So, the design deep dive on
hardpoints is out. It's late, and I'm tired, so I'm not going to quote and format the whole thing here.
TL;DR, though:
Most size 2 and up weapon mounts (excepting a few where the physical design of the ship makes it not sensible) will be (as this stuff gets converted, I'm assuming, no timeline was given) able to mount new items that can convert them to gimbal (or, as the official terminology is moving to, "unmanned turret") mounts. Likewise, existing Class 2 weapons will be broken into a hardpoint with a stock unmanned turret mount.
The catch? The size of weapon an unmanned turret mount can accept is at least one size smaller than the size of the hardpoint it attaches to. So if you're mousing, or good with head-tracking peripherals, you can leverage the greater accuracy and precision you have over using a stick to point your ship at your target, but you'll be giving up some raw firepower to do so. This had been talked about unofficially and in less explicit detail the past couple weeks.
The part I wasn't expecting is that the same system is being applied to manned turrets; manned turrets require dropping an additional size. AND, on top of that (affecting both unmanned and manned turrets, I think), turrets that mount multiple smaller weapons will be the same size (and interchangeable with) turrets of the same type that mount a single larger weapon. The total of the mounted weapons in the turret are considered additive.
So, as an example, you could have one manned turret that accepts twin size-1 guns. That's 2x1 for the guns, +1 for the turret, +1 for the manned nature, for a hardpoint size of 4. Conversely, you could use a different size 4 turret item that gave you one size 3 gun on an unmanned turret. And so on.

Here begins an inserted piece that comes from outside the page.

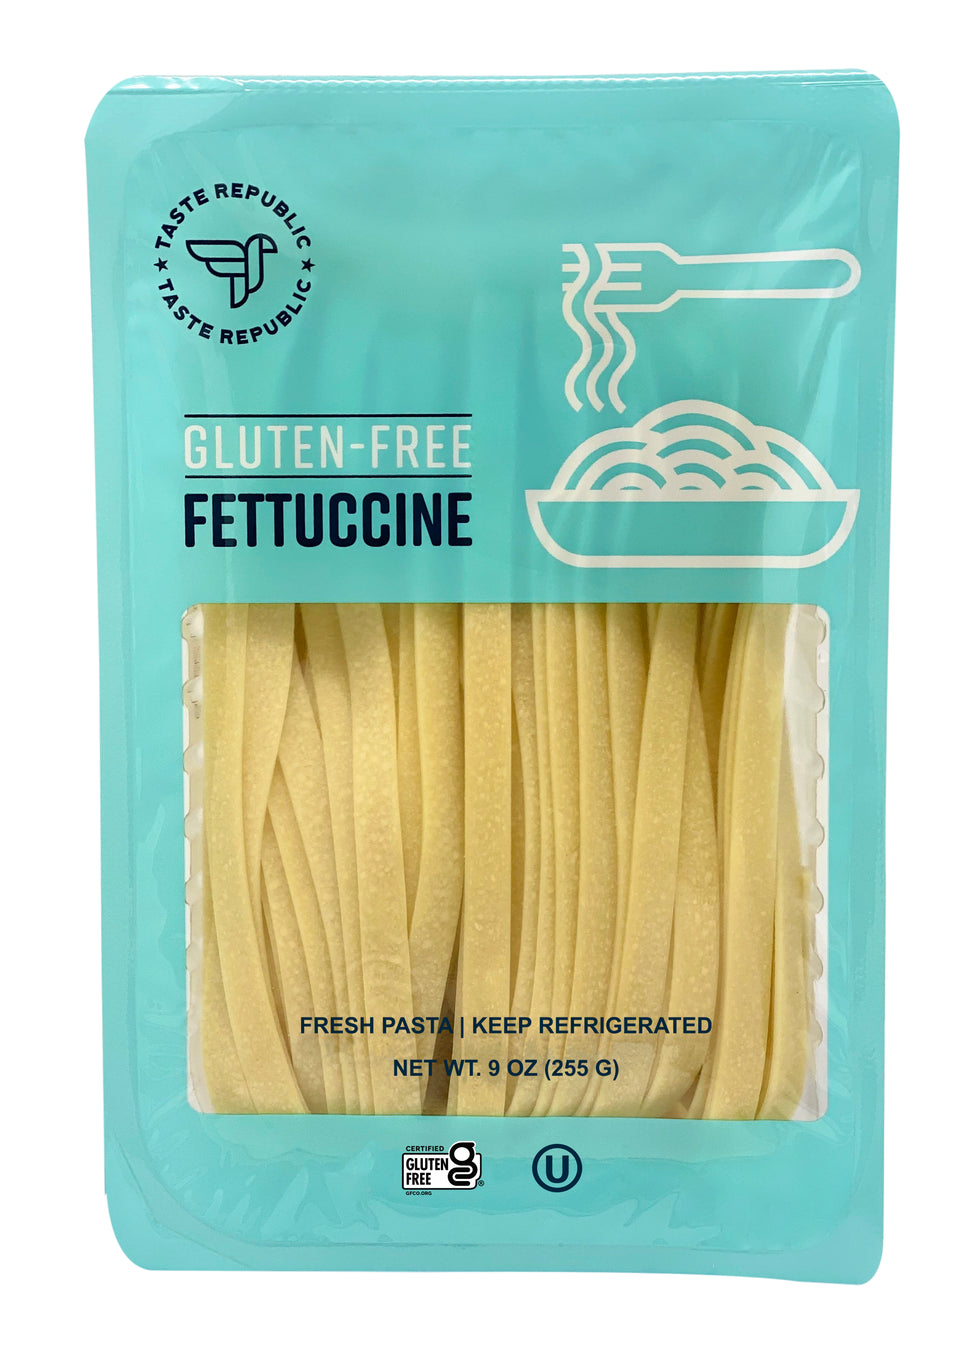 Fresh Gluten-Free Fettuccine (6-Pack)

Also unexpected, but welcome if you ask me, is news that hardpoints and item compatibility has more to it than just raw size. The "pipes" for that hardpoint have to match up. Pipes are how the game tracks systems like power draw, heat generation and dispersion, "CPU load", and more. So it's suggested that unmanned turrets will have CPU requirements that have to share finite CPU cycles with other systems on your ship, like other unmanned turrets, your targeting system, and more. So that's cool -- I was wondering when CPU would come into play, and how.